#### Record extracts

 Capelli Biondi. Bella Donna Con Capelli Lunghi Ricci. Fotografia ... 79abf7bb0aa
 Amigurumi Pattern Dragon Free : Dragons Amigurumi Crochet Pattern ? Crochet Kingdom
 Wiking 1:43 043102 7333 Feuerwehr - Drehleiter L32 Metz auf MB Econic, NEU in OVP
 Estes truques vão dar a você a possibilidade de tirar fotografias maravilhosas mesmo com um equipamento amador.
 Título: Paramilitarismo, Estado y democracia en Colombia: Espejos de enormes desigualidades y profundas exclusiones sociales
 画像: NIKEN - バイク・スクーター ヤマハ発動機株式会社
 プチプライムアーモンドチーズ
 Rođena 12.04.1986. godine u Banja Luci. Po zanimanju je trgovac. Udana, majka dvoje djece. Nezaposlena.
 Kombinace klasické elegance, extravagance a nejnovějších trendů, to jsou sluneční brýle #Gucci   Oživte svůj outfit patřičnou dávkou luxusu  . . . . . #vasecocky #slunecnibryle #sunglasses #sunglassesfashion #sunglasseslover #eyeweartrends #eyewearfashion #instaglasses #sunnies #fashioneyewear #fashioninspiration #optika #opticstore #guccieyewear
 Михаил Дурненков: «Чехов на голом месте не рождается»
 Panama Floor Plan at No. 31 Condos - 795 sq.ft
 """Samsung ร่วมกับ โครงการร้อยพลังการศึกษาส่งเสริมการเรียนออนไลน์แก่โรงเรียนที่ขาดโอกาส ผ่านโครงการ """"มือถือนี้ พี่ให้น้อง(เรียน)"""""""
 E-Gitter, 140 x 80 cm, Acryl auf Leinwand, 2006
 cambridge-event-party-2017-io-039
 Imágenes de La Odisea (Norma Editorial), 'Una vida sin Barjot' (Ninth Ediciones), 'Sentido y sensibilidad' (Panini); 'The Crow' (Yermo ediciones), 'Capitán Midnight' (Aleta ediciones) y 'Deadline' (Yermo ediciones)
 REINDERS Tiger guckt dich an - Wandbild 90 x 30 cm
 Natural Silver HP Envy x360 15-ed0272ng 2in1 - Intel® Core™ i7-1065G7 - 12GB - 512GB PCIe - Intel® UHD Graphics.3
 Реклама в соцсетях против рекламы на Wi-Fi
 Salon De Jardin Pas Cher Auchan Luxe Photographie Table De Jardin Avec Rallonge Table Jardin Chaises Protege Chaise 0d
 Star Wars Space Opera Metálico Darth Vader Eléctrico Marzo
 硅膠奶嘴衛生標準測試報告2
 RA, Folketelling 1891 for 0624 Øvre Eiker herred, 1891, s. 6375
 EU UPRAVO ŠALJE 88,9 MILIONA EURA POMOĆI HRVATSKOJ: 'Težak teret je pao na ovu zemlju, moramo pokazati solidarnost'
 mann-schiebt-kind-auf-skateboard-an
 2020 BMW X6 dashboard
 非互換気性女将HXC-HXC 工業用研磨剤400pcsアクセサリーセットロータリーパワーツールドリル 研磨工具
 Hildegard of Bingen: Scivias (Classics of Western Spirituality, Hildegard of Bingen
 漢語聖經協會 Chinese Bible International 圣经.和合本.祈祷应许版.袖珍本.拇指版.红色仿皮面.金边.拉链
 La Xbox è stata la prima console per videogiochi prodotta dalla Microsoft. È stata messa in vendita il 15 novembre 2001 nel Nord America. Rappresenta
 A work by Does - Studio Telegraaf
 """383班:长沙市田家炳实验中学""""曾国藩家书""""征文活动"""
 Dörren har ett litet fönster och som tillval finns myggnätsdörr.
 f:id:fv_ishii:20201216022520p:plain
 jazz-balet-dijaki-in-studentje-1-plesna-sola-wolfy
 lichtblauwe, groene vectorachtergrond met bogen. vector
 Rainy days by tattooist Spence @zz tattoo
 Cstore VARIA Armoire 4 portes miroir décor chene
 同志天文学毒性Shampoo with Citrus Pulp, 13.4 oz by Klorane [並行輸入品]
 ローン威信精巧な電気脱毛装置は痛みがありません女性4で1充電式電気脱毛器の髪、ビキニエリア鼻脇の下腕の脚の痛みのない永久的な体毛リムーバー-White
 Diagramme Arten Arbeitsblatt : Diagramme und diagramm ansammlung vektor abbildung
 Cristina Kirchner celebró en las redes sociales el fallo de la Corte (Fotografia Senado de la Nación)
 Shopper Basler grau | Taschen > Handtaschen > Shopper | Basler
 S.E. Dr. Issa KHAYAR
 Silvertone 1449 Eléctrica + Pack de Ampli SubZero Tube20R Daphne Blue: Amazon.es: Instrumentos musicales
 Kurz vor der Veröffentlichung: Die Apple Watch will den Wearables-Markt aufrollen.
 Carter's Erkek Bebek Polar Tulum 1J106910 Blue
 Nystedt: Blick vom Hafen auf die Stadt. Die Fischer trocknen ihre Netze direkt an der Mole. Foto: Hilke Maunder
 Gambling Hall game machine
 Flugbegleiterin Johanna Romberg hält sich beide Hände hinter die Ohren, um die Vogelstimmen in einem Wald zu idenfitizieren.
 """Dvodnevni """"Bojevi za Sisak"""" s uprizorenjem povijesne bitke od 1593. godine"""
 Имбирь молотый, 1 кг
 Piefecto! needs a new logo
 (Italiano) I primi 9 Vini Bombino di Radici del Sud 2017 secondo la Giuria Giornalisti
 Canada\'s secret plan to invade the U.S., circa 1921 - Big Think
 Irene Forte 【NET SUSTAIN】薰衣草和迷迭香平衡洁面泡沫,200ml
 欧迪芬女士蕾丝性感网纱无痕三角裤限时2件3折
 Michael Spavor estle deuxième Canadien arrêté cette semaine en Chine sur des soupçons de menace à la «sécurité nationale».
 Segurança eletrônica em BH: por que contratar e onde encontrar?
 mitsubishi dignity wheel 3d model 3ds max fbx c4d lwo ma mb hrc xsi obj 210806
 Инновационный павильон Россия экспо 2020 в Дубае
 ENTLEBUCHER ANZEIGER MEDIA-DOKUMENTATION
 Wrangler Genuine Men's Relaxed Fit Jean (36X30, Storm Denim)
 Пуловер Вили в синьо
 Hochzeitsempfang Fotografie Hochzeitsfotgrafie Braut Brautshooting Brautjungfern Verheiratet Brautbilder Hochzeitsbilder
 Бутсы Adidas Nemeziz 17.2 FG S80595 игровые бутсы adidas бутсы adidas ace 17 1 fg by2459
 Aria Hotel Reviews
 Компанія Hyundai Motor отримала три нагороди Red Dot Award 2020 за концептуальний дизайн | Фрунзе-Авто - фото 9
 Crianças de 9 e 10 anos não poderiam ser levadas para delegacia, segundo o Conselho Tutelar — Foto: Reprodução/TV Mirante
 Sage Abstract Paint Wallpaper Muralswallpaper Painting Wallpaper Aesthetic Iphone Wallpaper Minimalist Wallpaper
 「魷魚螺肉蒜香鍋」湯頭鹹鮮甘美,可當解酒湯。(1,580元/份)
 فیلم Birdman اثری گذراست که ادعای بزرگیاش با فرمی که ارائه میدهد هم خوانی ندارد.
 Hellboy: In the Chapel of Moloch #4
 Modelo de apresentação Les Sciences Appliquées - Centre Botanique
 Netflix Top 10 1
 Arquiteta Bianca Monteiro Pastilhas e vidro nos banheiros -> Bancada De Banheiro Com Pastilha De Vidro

########

Work to complete:
Print only the lines running from the one with "فیلم Birdman اثری" to the final line of the data above, each exactly as it appears.

Exercise solution:
 فیلم Birdman اثری گذراست که ادعای بزرگیاش با فرمی که ارائه میدهد هم خوانی ندارد.
 Hellboy: In the Chapel of Moloch #4
 Modelo de apresentação Les Sciences Appliquées - Centre Botanique
 Netflix Top 10 1
 Arquiteta Bianca Monteiro Pastilhas e vidro nos banheiros -> Bancada De Banheiro Com Pastilha De Vidro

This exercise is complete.